Jackie Goldberg is one of the premier advocates for children and public education in California and, indeed, the nation. She was a classroom teacher for 17 years, a member of the Los Angeles school board, and a member of the Legislature, rising to chair of the State Assembly Education Committee. She is a legendary figure to supporters of children and public schools.
She writes in the Los Angeles Times that the LAUSD board must act to reduce class sizes, which in some schools, exceed 40 students.
A few excerpts from her excellent article:
Today, classes of 45 students or more are not uncommon in most secondary schools. (This excludes kindergarten through third-grade classes, which receive state funding specifically for class-size reduction.).
If the district truly wants its students to learn more, it should get rid of Section 1.5 and immediately begin hiring 2,000 new teachers to meet the class-size goals that are already laid out in the current contract. [Section 1.5 is a waiver from a class-Size reduction agreement.]
This would cost $200 million more each year. That may sound like a lot, but the district has a minimum of $1.8 billion in reserve.
Opposition to class-size reduction comes from the top. When I chaired the Assembly Education Committee, lobbyists would often come in and argue that the cost of reducing class sizes in California’s public schools was simply too high.

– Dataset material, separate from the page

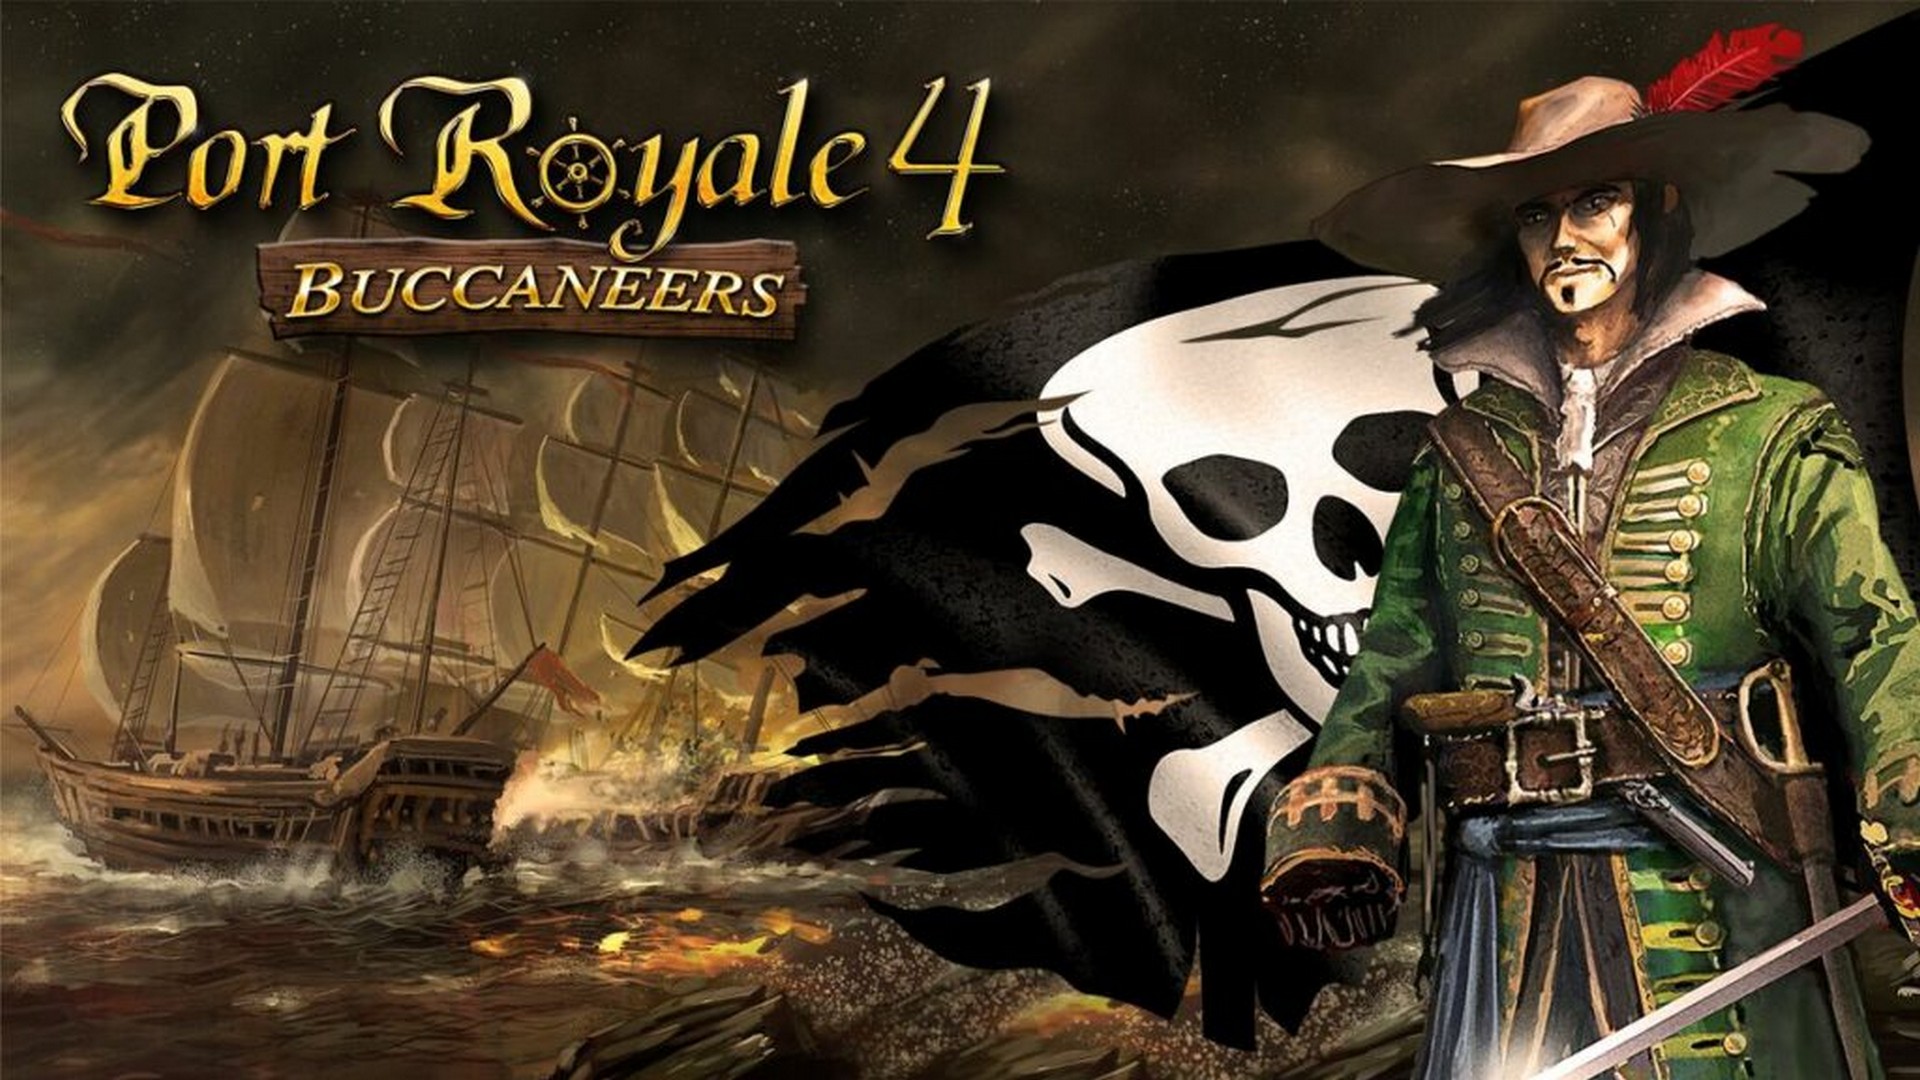 Privateering For All: ‘Buccaneers’ DLC For Port Royale 4 Out Now

When I asked these lobbyists where their own children attended school, many if not all of them would respond that they sent their children to private schools — some to schools where tuition could cost as much as $45,000 a year and classrooms would have as few as a dozen students.
In other words, although they paid considerable tuition rates for their own kids to benefit from small classes, they considered it perfectly acceptable for children who live in poverty — 80% of the LAUSD student population — to be relegated to the third-largest class sizes in America. Really?
There is also some quiet opposition coming from a few well placed charter-school advocates. Why? Because if the district were to reduce class sizes by hiring 2,000 additional teachers, it would need to provide 2,000 classrooms to those new teachers — classrooms that some charter-school advocates are eyeing for themselves.
The Board of Education at LAUSD needs to put its students first. Though it claims to do so at nearly every meeting and on seemingly all of its printed materials, its claims are often empty rhetoric.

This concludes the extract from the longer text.